Machine learning prediction of seismic response parameters of reinforced concrete buildings under different site and ground motion conditions
摘要
Predicting seismic response parameters is vital for designing reinforced concrete structures, but traditional approaches can become computationally intensive when multiple seismic scenarios are evaluated. This study presents a unified machine learning framework to predict storey-level seismic responses of a 10-storey RC special moment-resisting frame building. It explicitly integrates seismic hazard features, site conditions, and response variability. A comprehensive dataset of around 1300 samples was generated using ETABS-based nonlinear analyses, considering seismic zones, soil types, and ground motion intensity measures such as peak ground acceleration, velocity, and displacement as inputs. The key response parameters analysed include storey displacement, inter-storey drift ratio, storey shear, and overturning moment.
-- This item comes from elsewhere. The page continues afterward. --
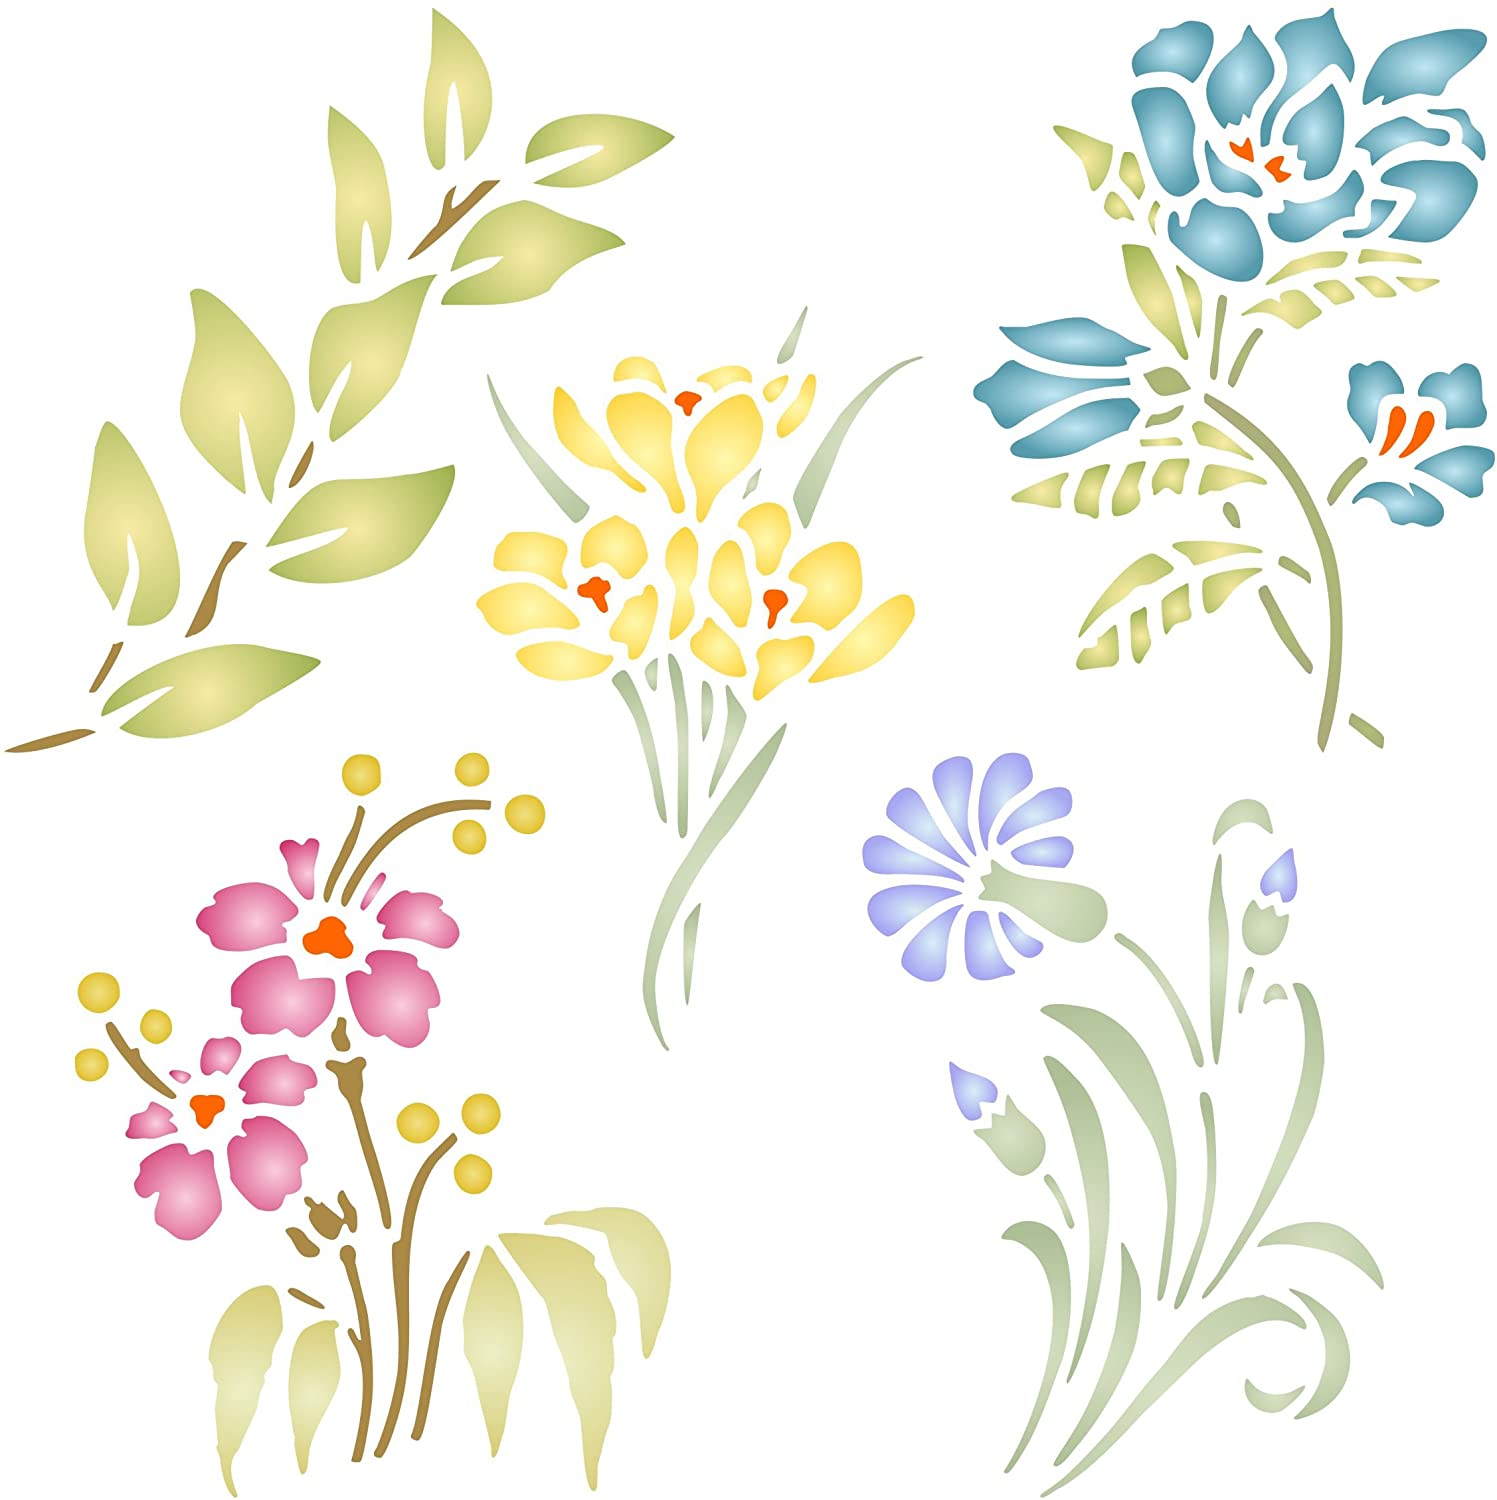 So many FLOWER STENCILS are available...

Three machine learning models, viz., Random Forest, Support Vector Regression, and Extreme Gradient Boosting, were developed and optimised via cross-validation. Among these methods, XGBoost performed the best, with test R² scores of 0.9936 for displacement, 0.9955 for inter-storey drift ratio, 0.9973 for storey shear, and 0.9941 for overturning moment. It reduced prediction errors by approximately 30% to 90% compared to RF and SVR, with the greatest improvement observed in storey shear prediction, resulting in a 21% increase in R² over SVR. These findings demonstrate that the proposed framework effectively models complex nonlinear seismic behaviour while significantly reducing computational costs. This method provides a practical, efficient tool for rapid seismic performance assessments and supports data-driven structural design aligned with Indian seismic code standards.